Question

You can purchase nitric acid in a concentrated form that is 70.3% HNO(3) by mass and has a density of 1.41 g/mL. Describe exactly how to prepare 1.15 L of 0.100 M HNO(3) from the concentrated solution.

Please explain thoroughly.

Answer 1

Moles of HNO₃ present in 1.15 L of 0.10 M solution

                  moles = molarity* volume in liters

                            = 0.10 M* 1.15 L

                            = 0.115 mol

Mass of HNO₃ = moles* molar mass

                         = 0.115 mol *63 g/mol

                         = 7.245 g

Mass of 70.3 % HNO₃ solution which contains 7.245 g HNO₃

                    = 7.245 g HNO₃ * (100g Solution/70.3 g HNO₃)

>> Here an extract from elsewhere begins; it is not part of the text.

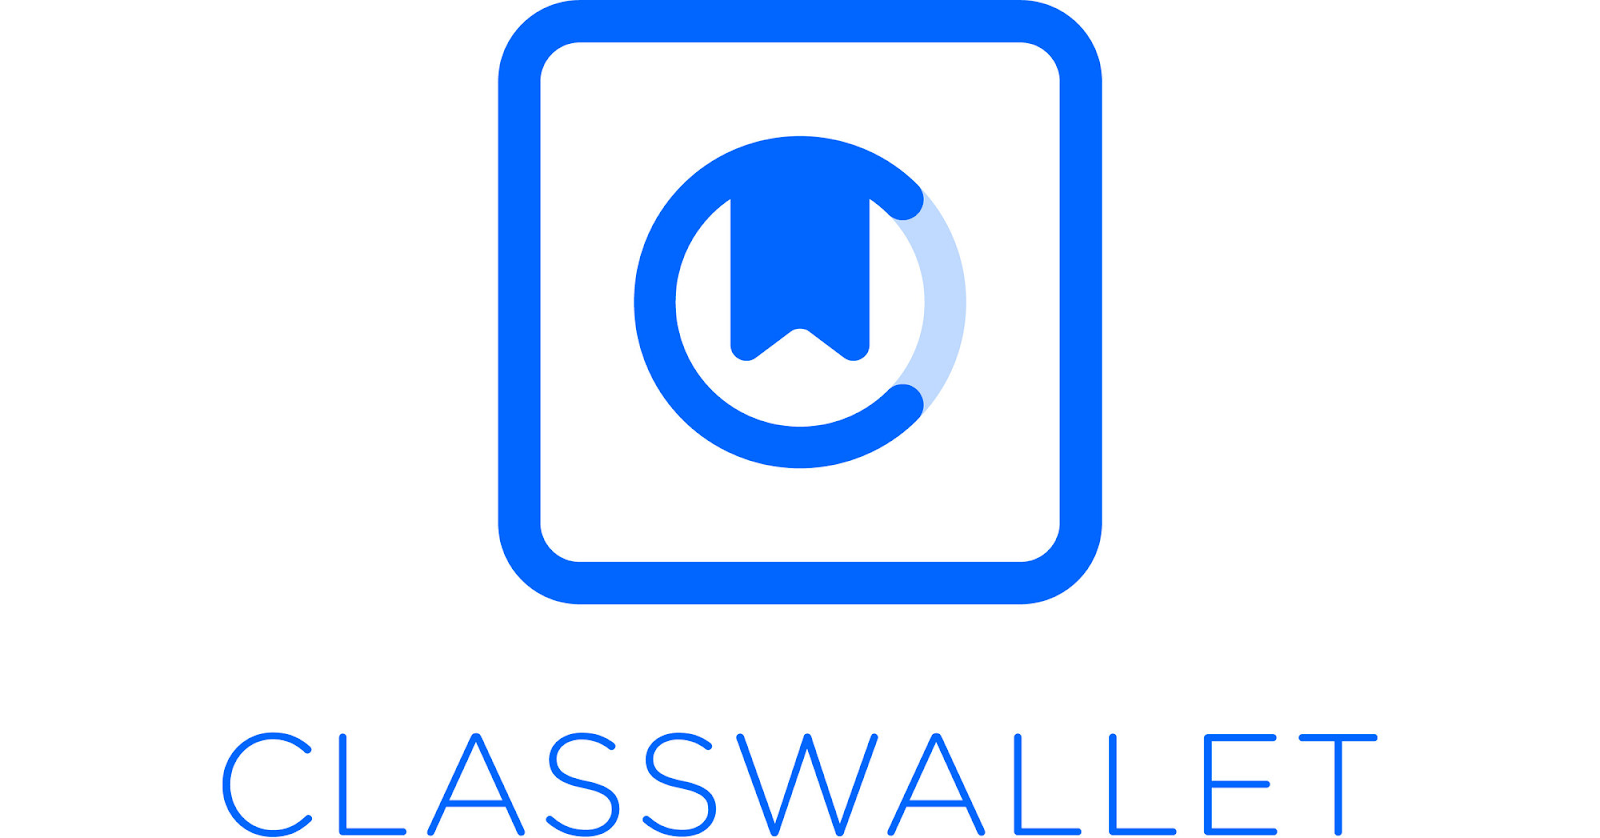 Classwallet logo.

                    = 10.306 g

Volume of concentrated solution required = mass/density

                                                                = 10.306 g / 1.41 g/mL

                                                                = 7.3 mL

Total volume of final solution = 1.15 L

                                              = 1150 mL

   Volume of water required to prepare final solution = 1150 mL - 7.3 mL

                                                                               =1142.7 mL

    Pocedure: If we mix 7.3 mL of 70.3 % HNO₃ solution and 1142.7 mL distilled water then   

    we will get 1150 mL(1.15L) of 0.10 M HNO₃ solution.